Malgré sa trésorerie tendue, il est satisfait des relations qu’il entretient avec ses banques. « Ce sont des partenaires. Je les respecte. Je paie toujours en temps et en heure toutes mes échéances. » « C’est une règle d’or, confirme Philippe Renault. Une autre règle est de ne jamais dépasser l’ouverture de crédit. Toutes les exploitations sont notées sur ces deux critères. Une exploitation qui n’a pas de problème de rentabilité, mais qui ne respecte pas ses engagements, accédera plus difficilement à des financements bancaires. »
Agrandissement : attention à l’effet « cochon »
Des éleveurs choisissent de produire un million de litres et bien plus. Cette évolution oblige à modifier la gestion de l’exploitation. Pour caricaturer, ils rentrent dans une gestion « à la porcine ». « Plus la taille de l’exploitationest importante, plus les bénéfices sont élevés mais les pertes aussi.
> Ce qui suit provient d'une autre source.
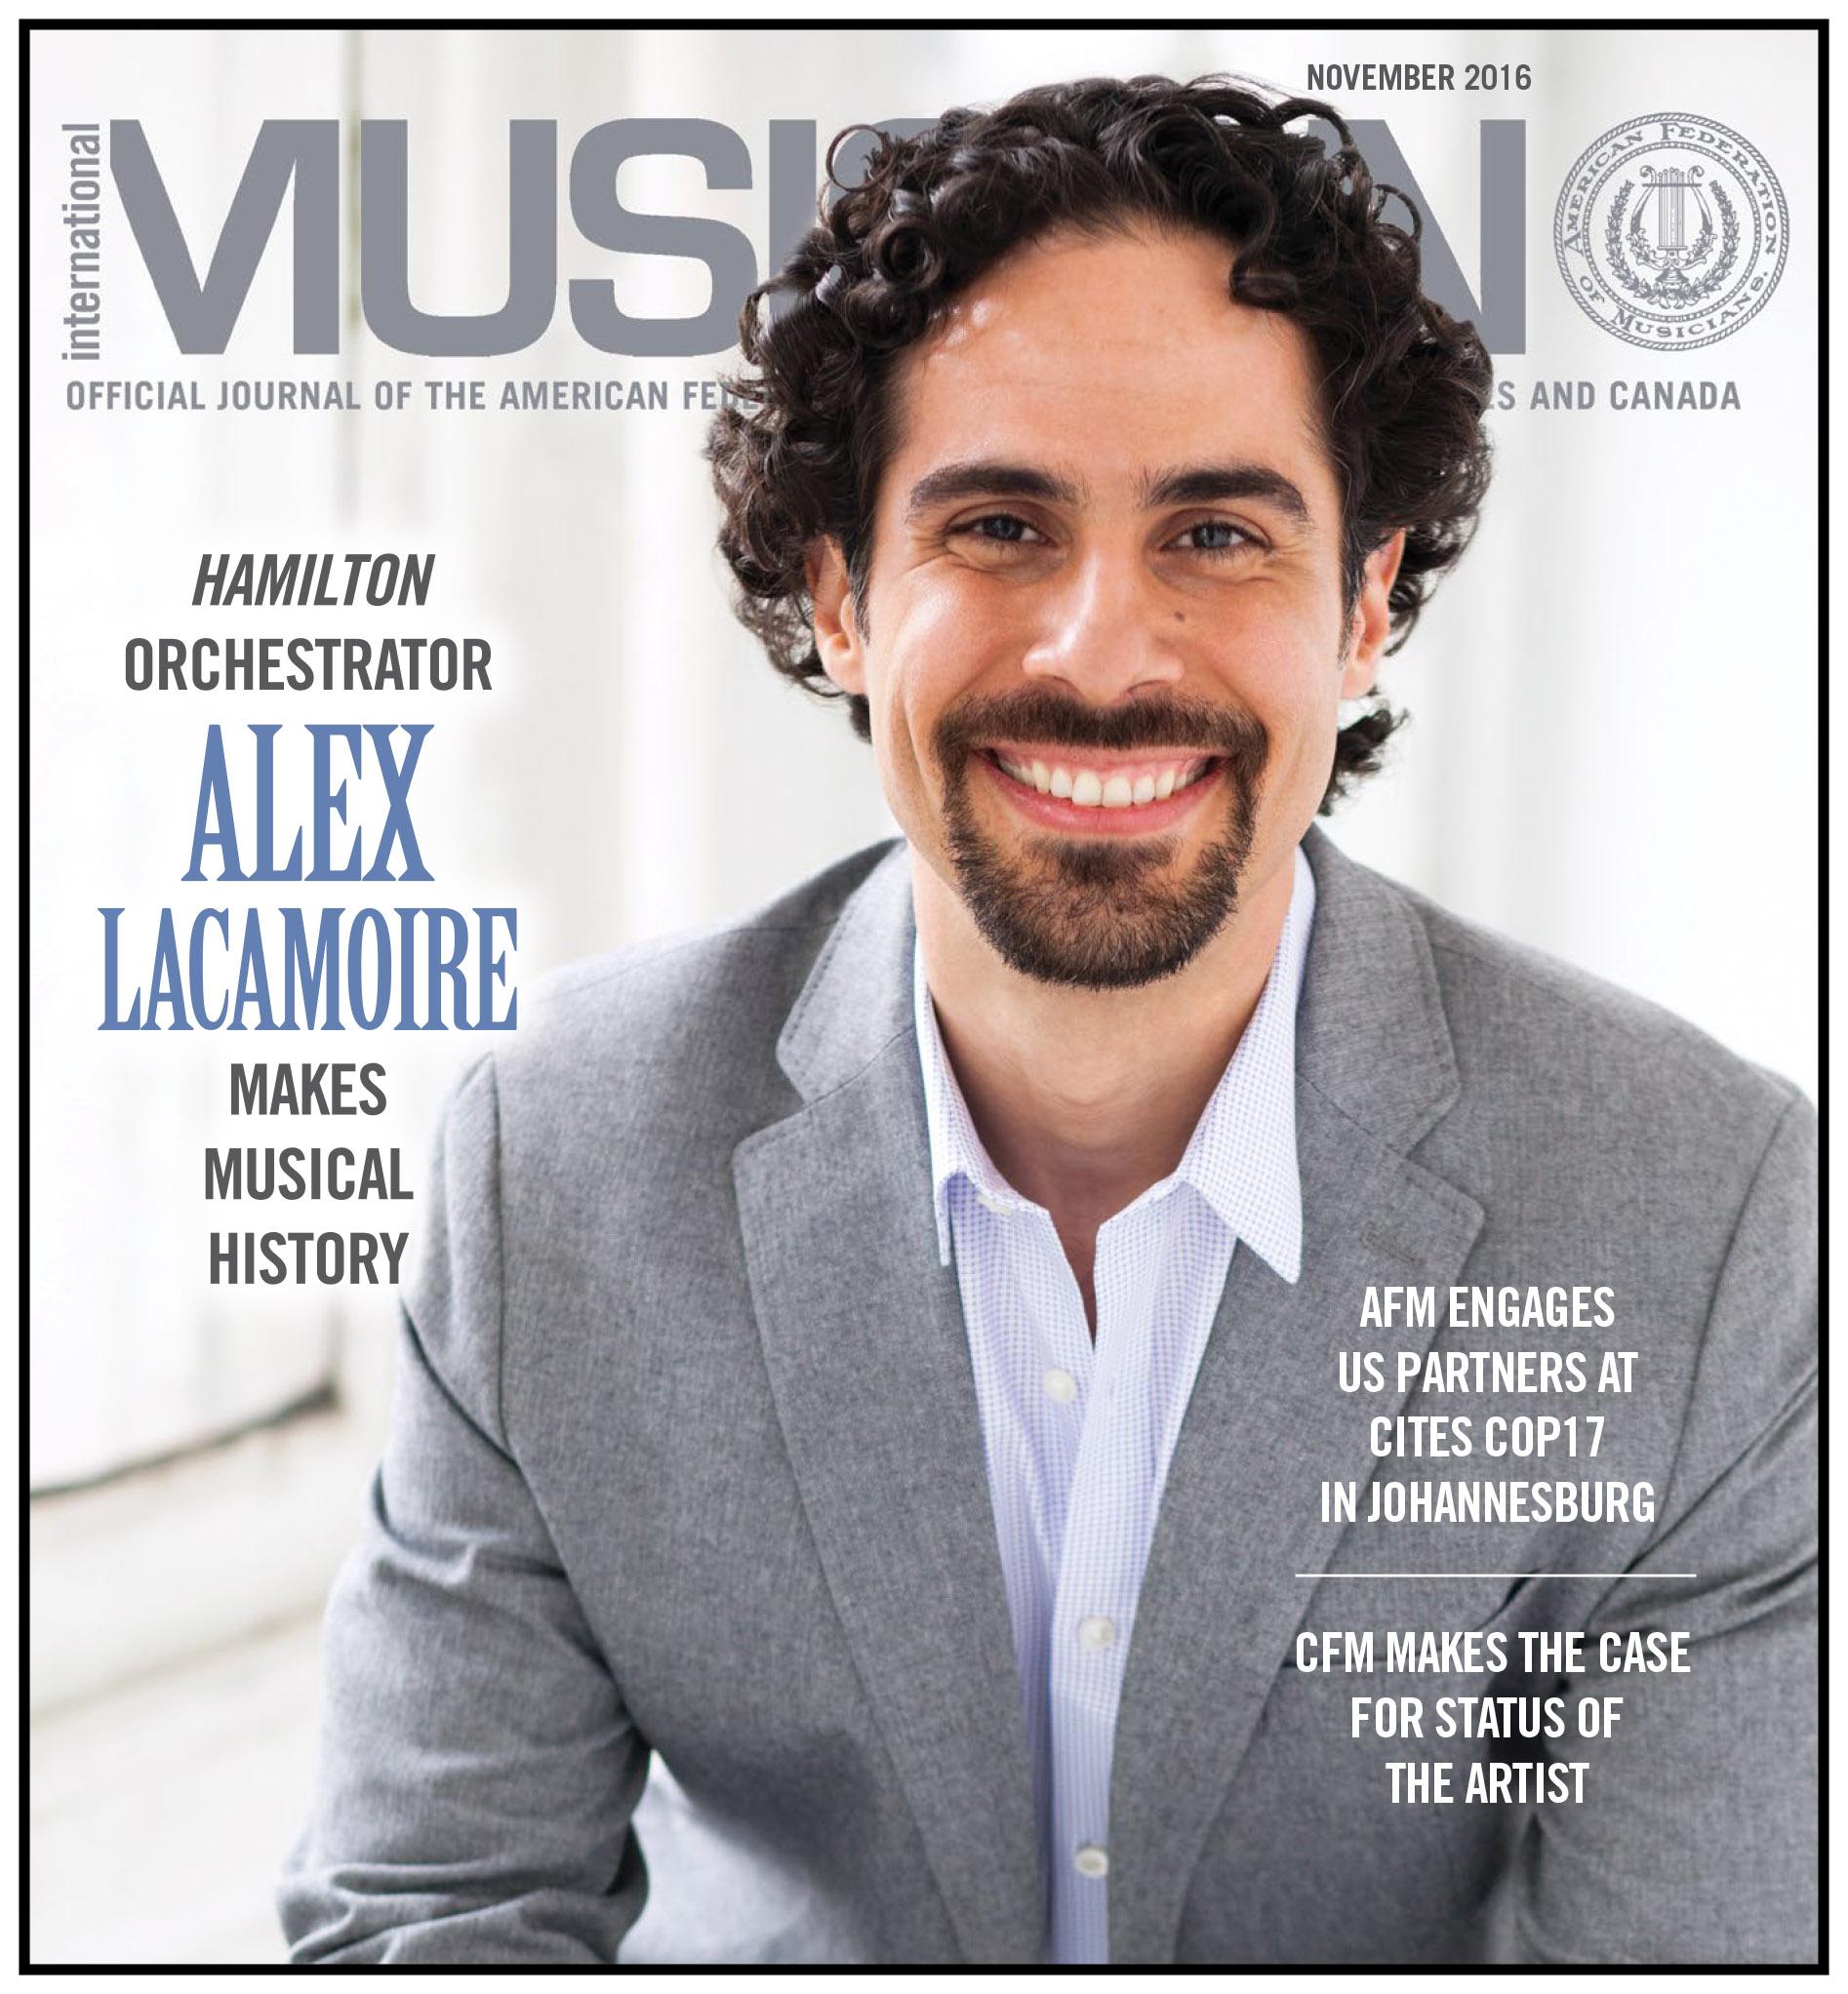 V114-11 - November 2016 - International Musician Magazine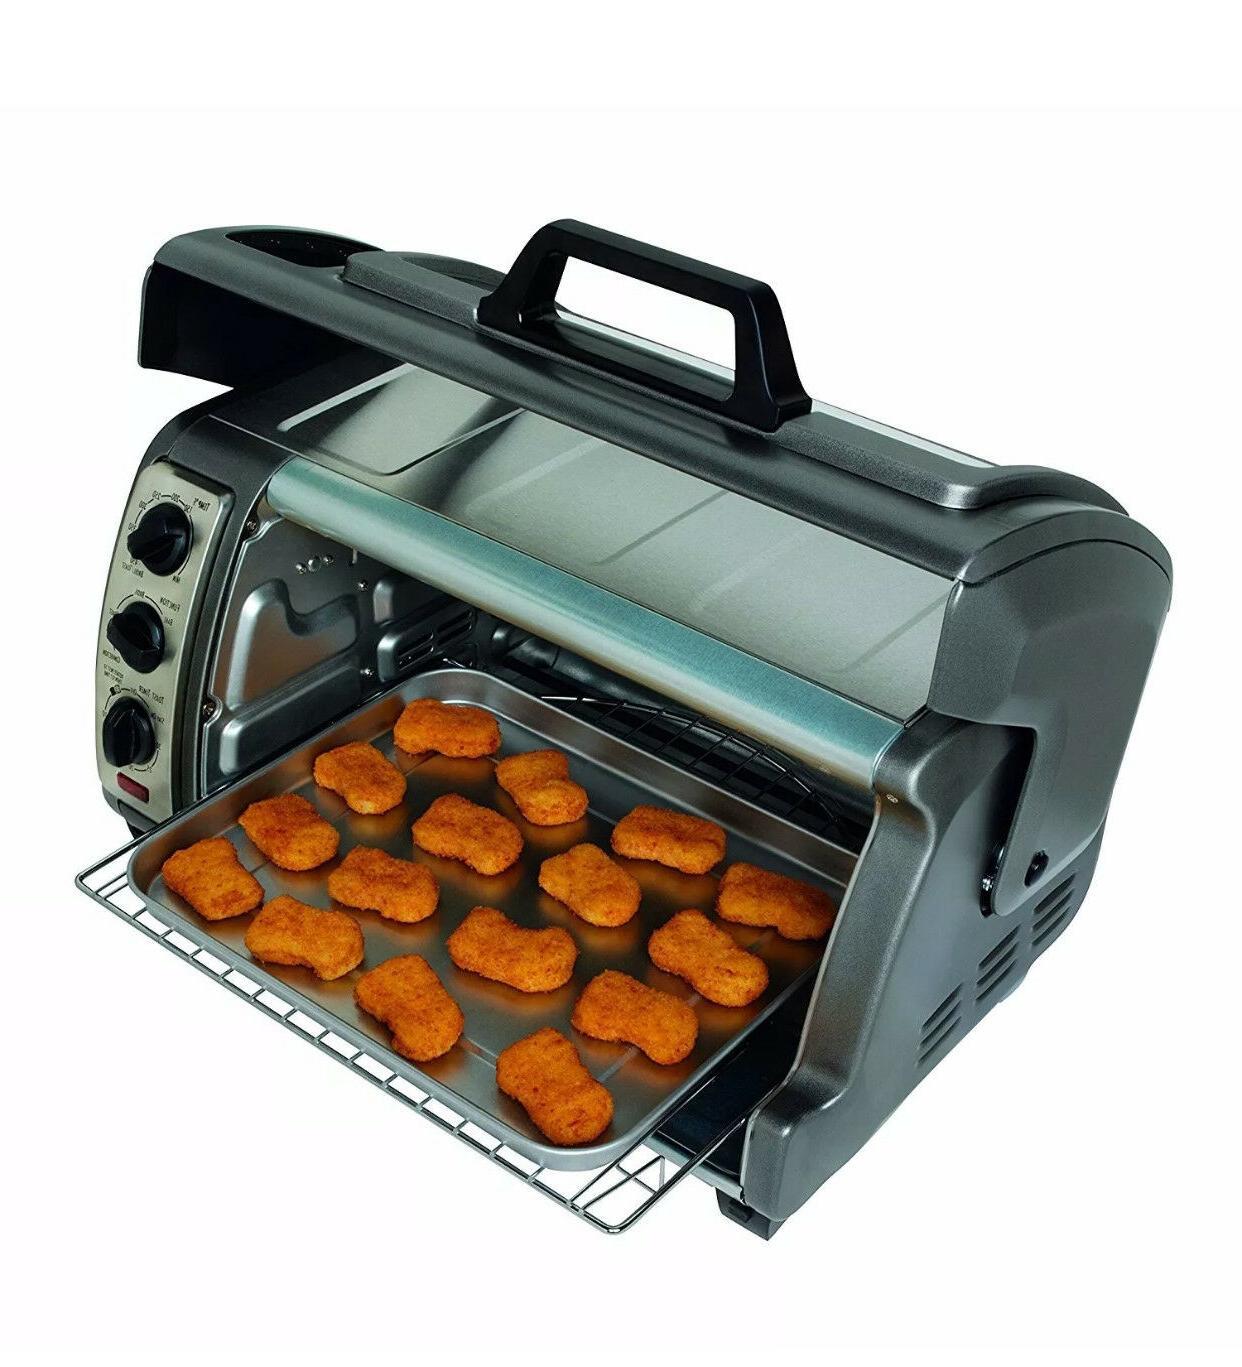 Hamilton Beach reach Toaster with RollTop Door

C’est l’effet multiplicateur bien connu des éleveurs de porcs. » Pour le conseiller de gestion, la nouvelle ligne de conduite s’articule autour de trois piliers.
Le premier pilier : une indispensable maîtrise technico-économique. « L’erreur technique a rapidement des conséquences. »
Le second pilier : financer par un emprunt LMT la capitalisation en cheptel. « Obtenir un financement pour une augmentation de cheptel est plus facile qu’en demander un à la suite d’un autofinancement qui a contribué à détériorer la trésorerie. »Il inclut également dans cette stratégie le financement de l’augmentation des stocks fourragerset, bien sûr, des bâtiments. « Il est tentant d’autofinancer ou souscrire un court terme pour couvrir l’aide à l’investissement que la Région verse après les travaux. Mieux vaut bâtir le projet sans en tenir compte. »
En d’autres termes, il faut être prudent. L’estimation du montant de l’aide ne signifie pas que c’est ce qui sera réellement versé. Il n’est pas évident de remplir toutes les conditions d’accès à la subvention.
L’importance d’une trésorerie de sérénité
Le troisième pilier concerne la marge de sécurité et la trésorerie de sérénité. « Les producteurs ont tendance à conserver les mêmes repères que lorsqu’ils produisaient moitié moins de lait. Or, les incidences d’un problème sanitaire ou d’une baisse du prix du lait sont nettement plus importantes. »
C’est ce que montre l’exemple page précédente. Dans une ferme de 300 000 l, combler 5 000 € de « trou de trésorerie » par des ajustements de conduite est envisageable. Combler 25 000 € dans une ferme de 2 Ml l’est beaucoup moins. « Dans les grands troupeaux, il faut au moins 10 % de marge de sécurité et dégager une trésorerie de sérénité d’au moins 50 €/1 000 litres », insiste Philippe Renault. Et être régulièrement en contact avec son ou ses banquiers, y compris lorsque tout va bien.